Data section below:

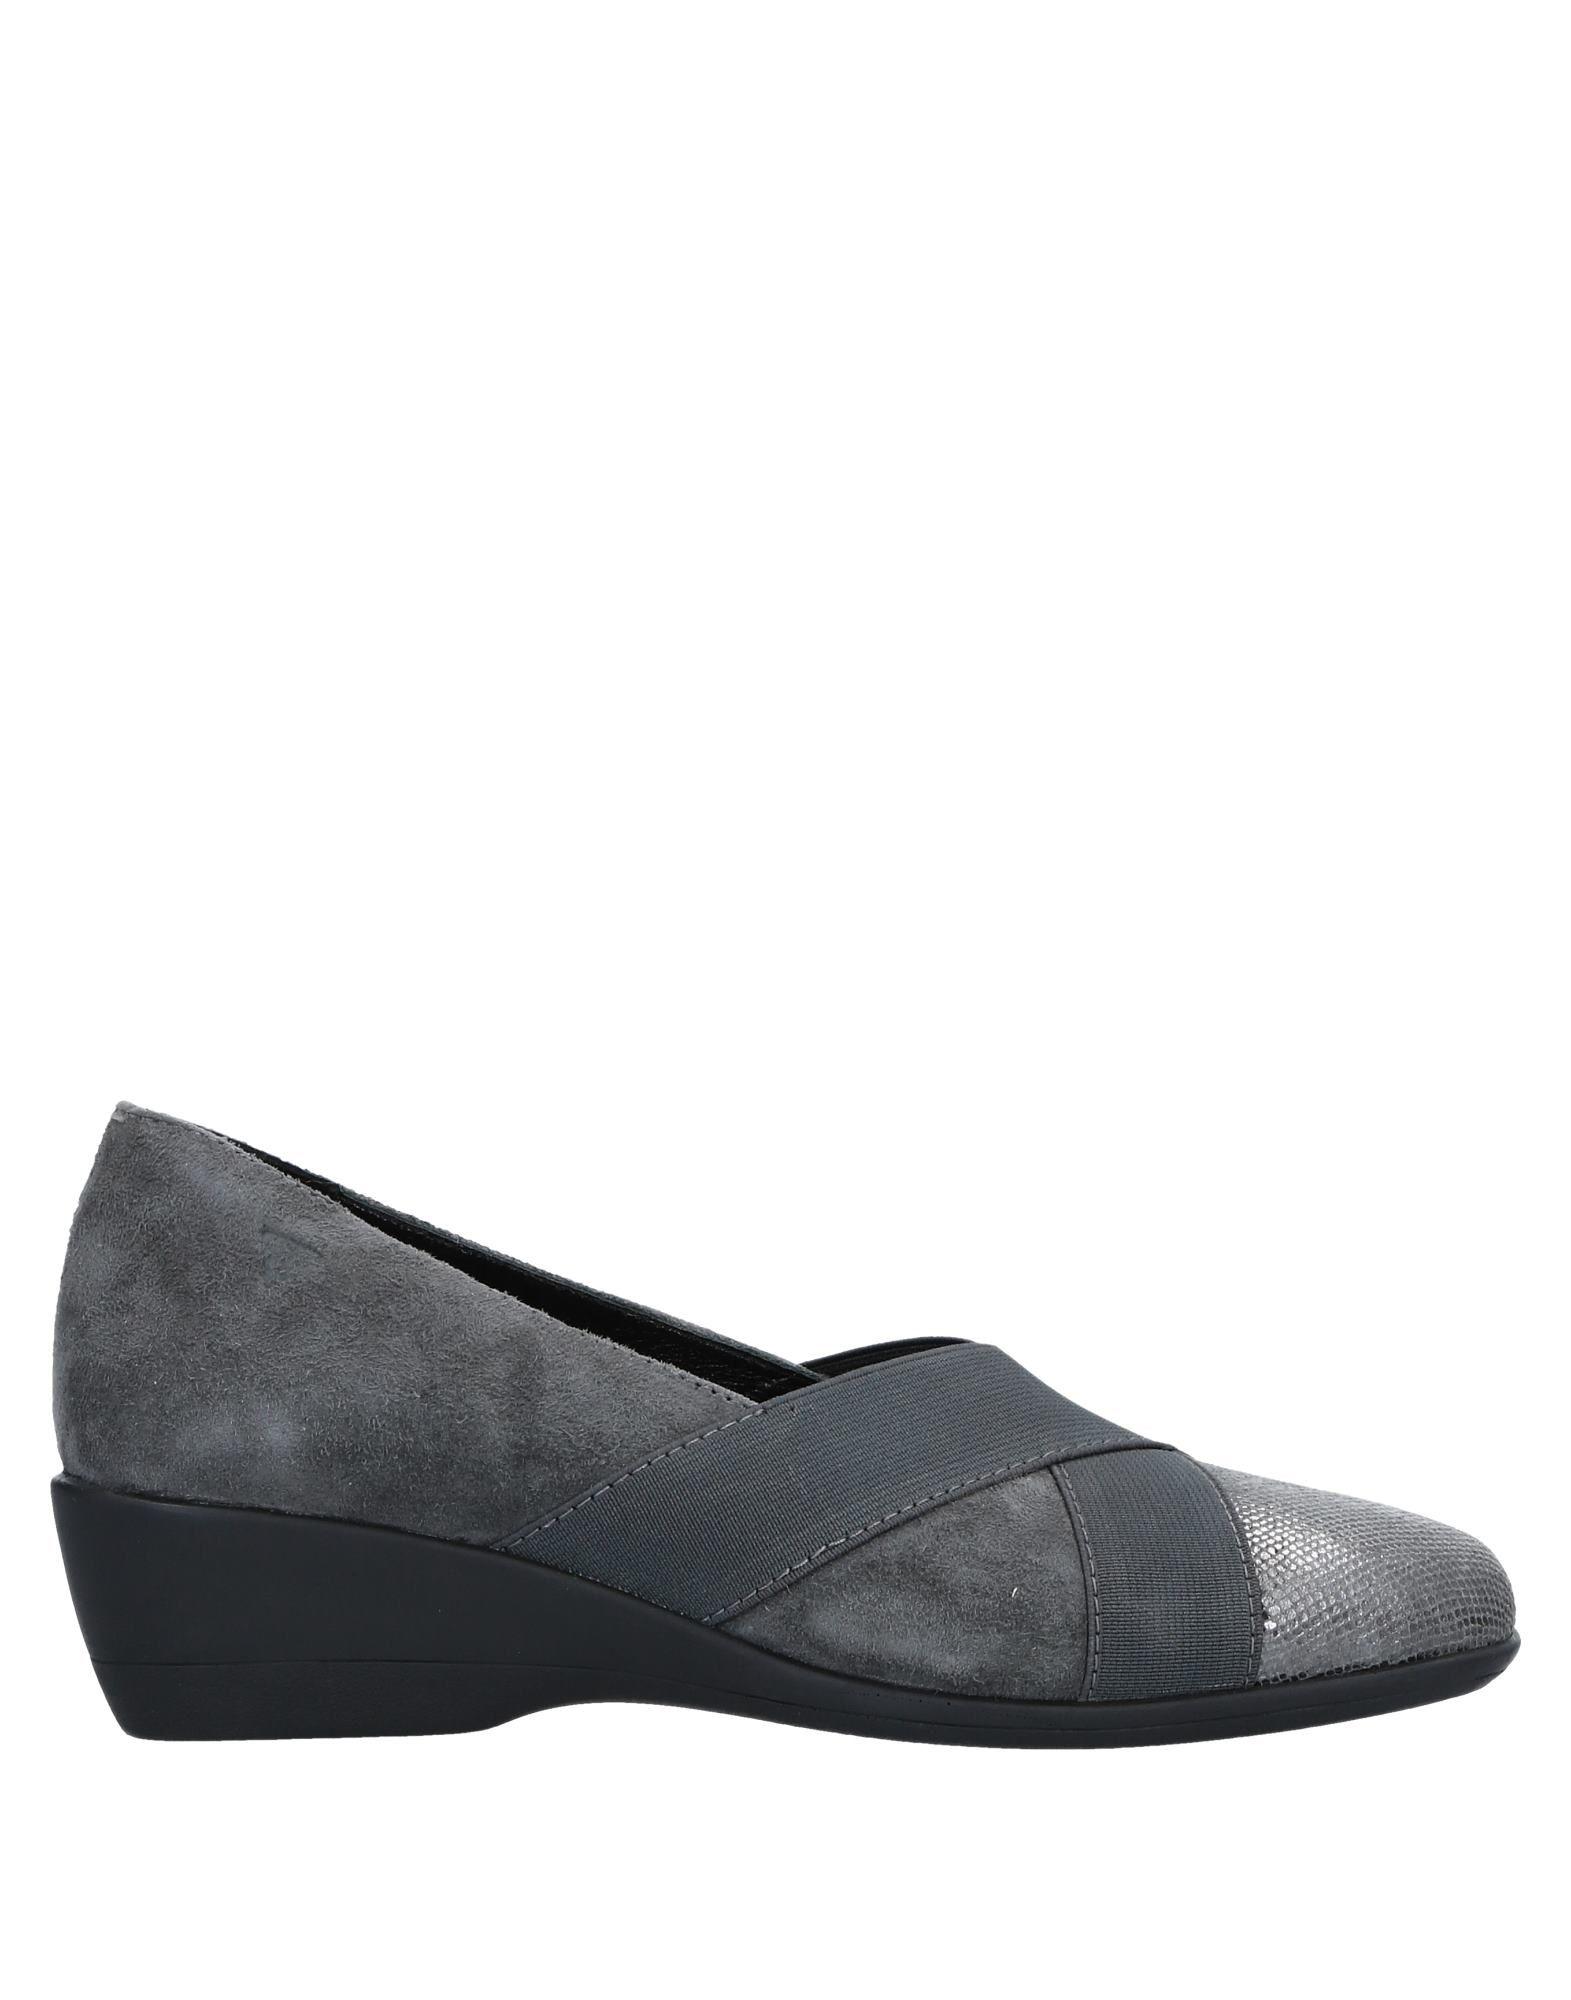 Mocassino Calpierre Donna e - 11551482HR Nuove offerte e Donna scarpe comode d428d5
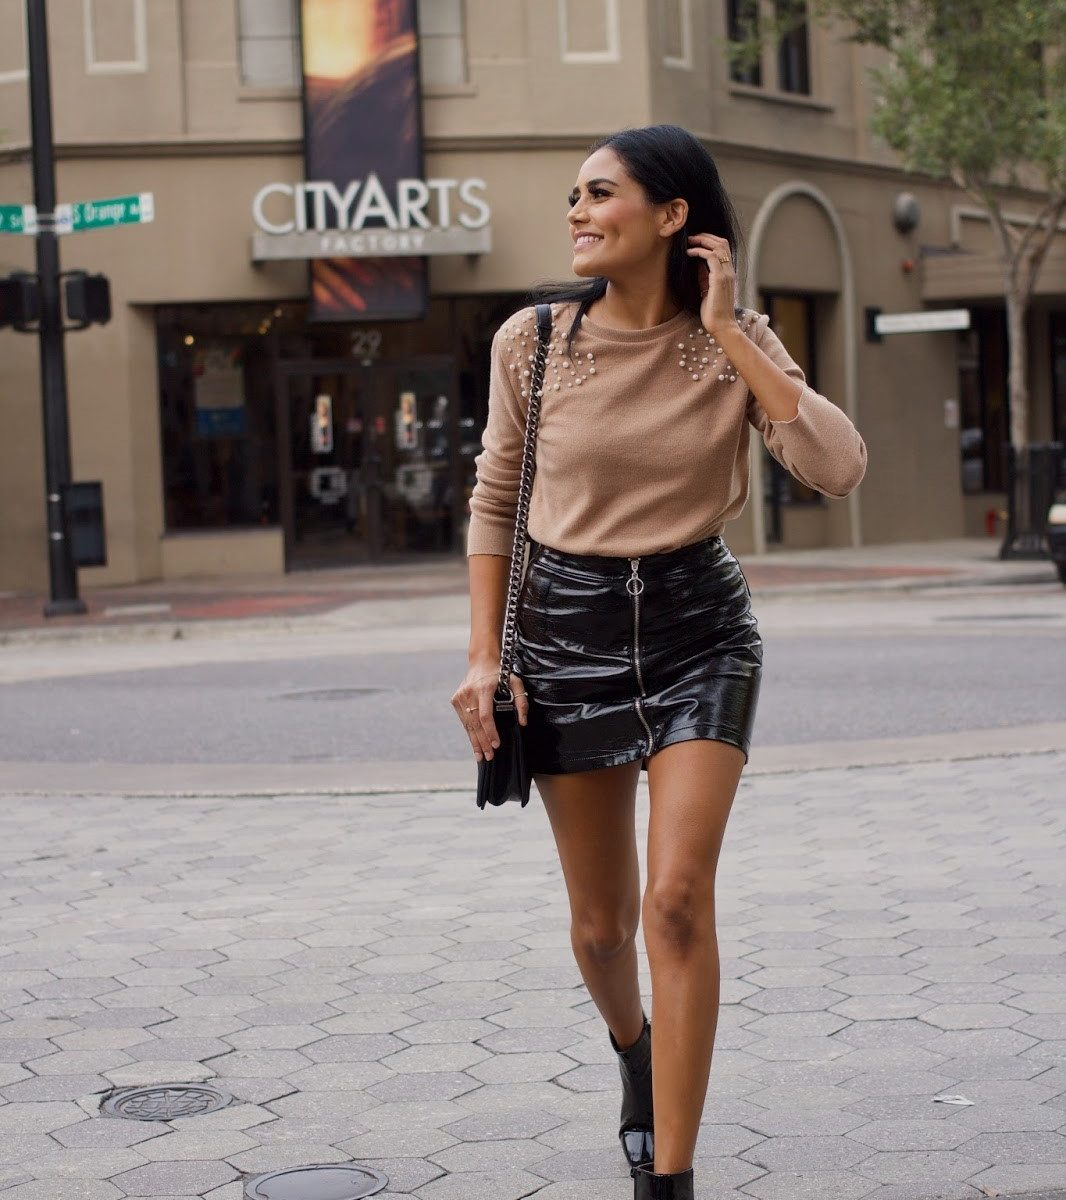 Pembagian Fashion Chic Style 2021
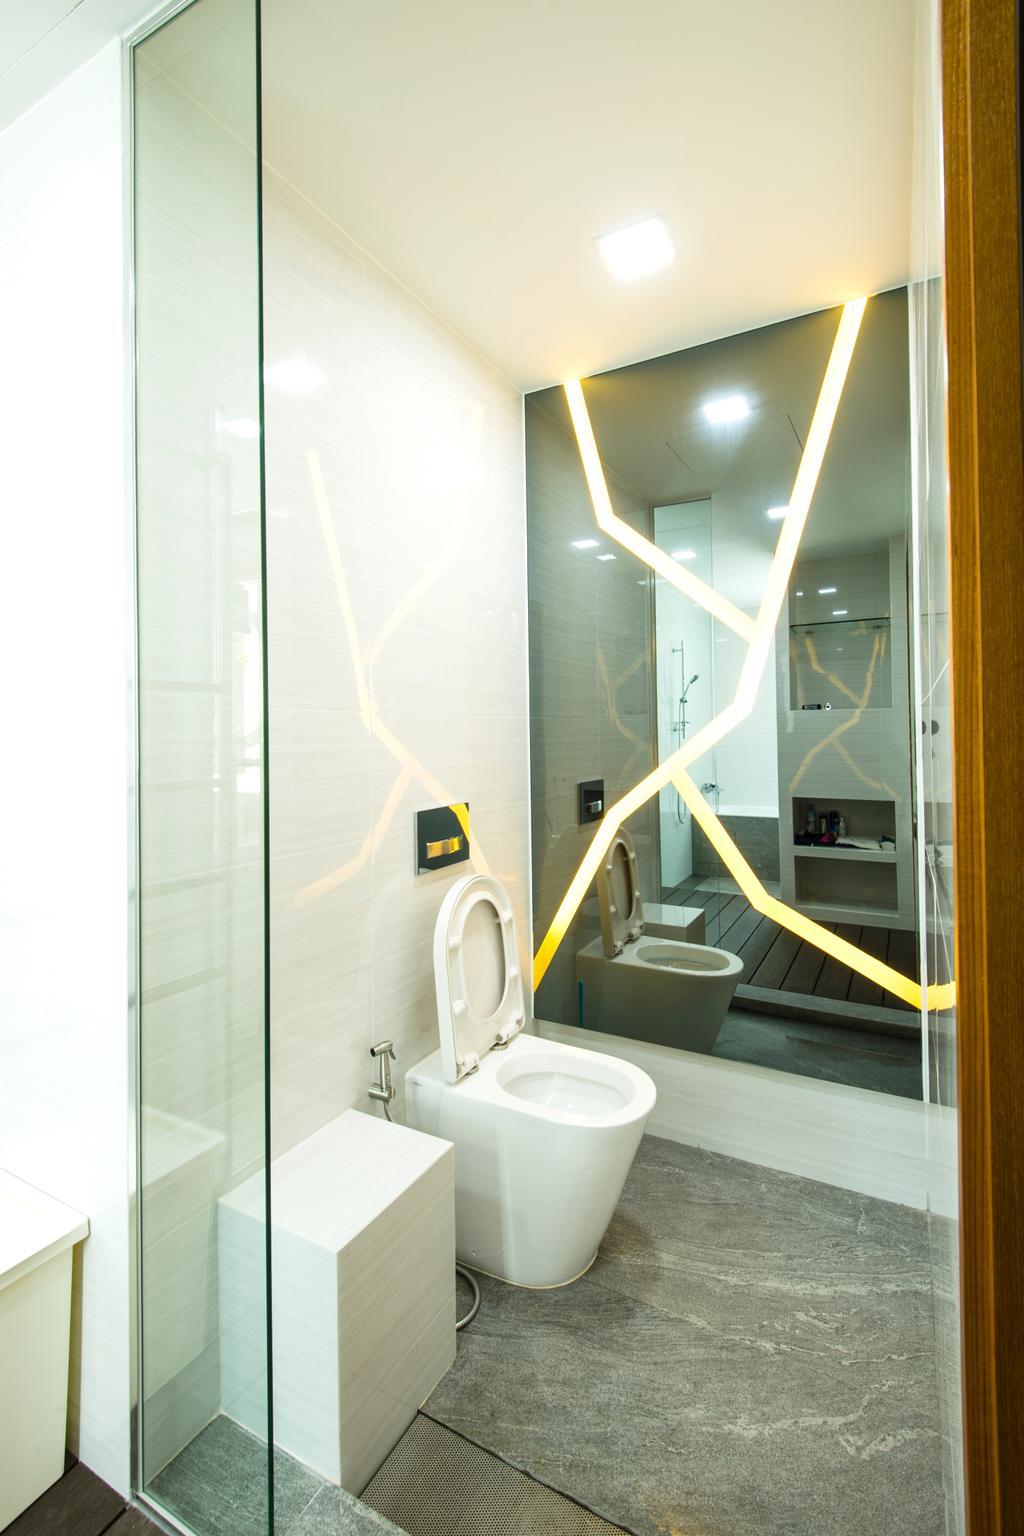 Eclectic, Condo, Bathroom, A Treasure Trove, Interior Designer, Hue Concept Interior Design, Wall Mirror, Tiles, Water Closet, White Tiles, Toilet Bowl, Toilet, Indoors, Interior Design, Room
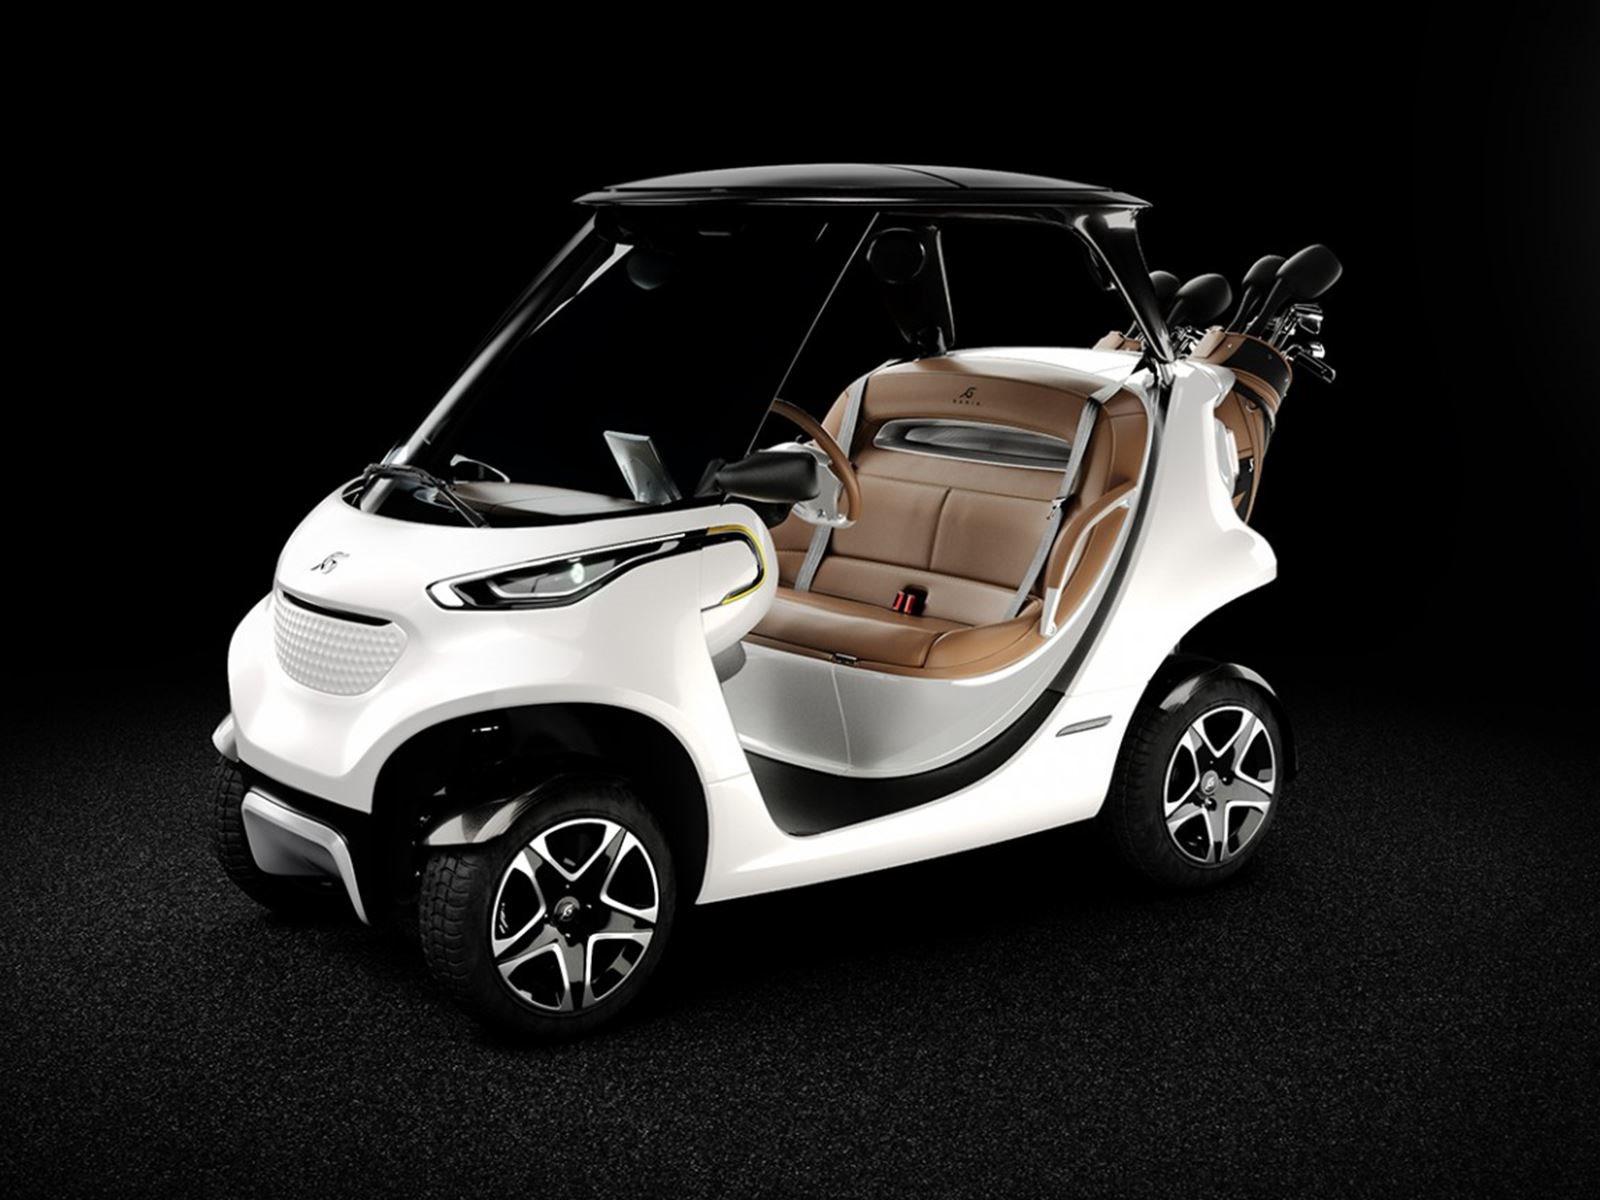 Luxury Golf Cart Costs More Than A Mercedes Benz E Class Carbuzz

End of Data section.

What the task asks: Output only the lines that run from the line containing "Eclectic, Condo, Bathroom, A" to the last line of the data, exactly as they stand and without pictures.

Result for this exercise:
 Eclectic, Condo, Bathroom, A Treasure Trove, Interior Designer, Hue Concept Interior Design, Wall Mirror, Tiles, Water Closet, White Tiles, Toilet Bowl, Toilet, Indoors, Interior Design, Room
 Luxury Golf Cart Costs More Than A Mercedes Benz E Class Carbuzz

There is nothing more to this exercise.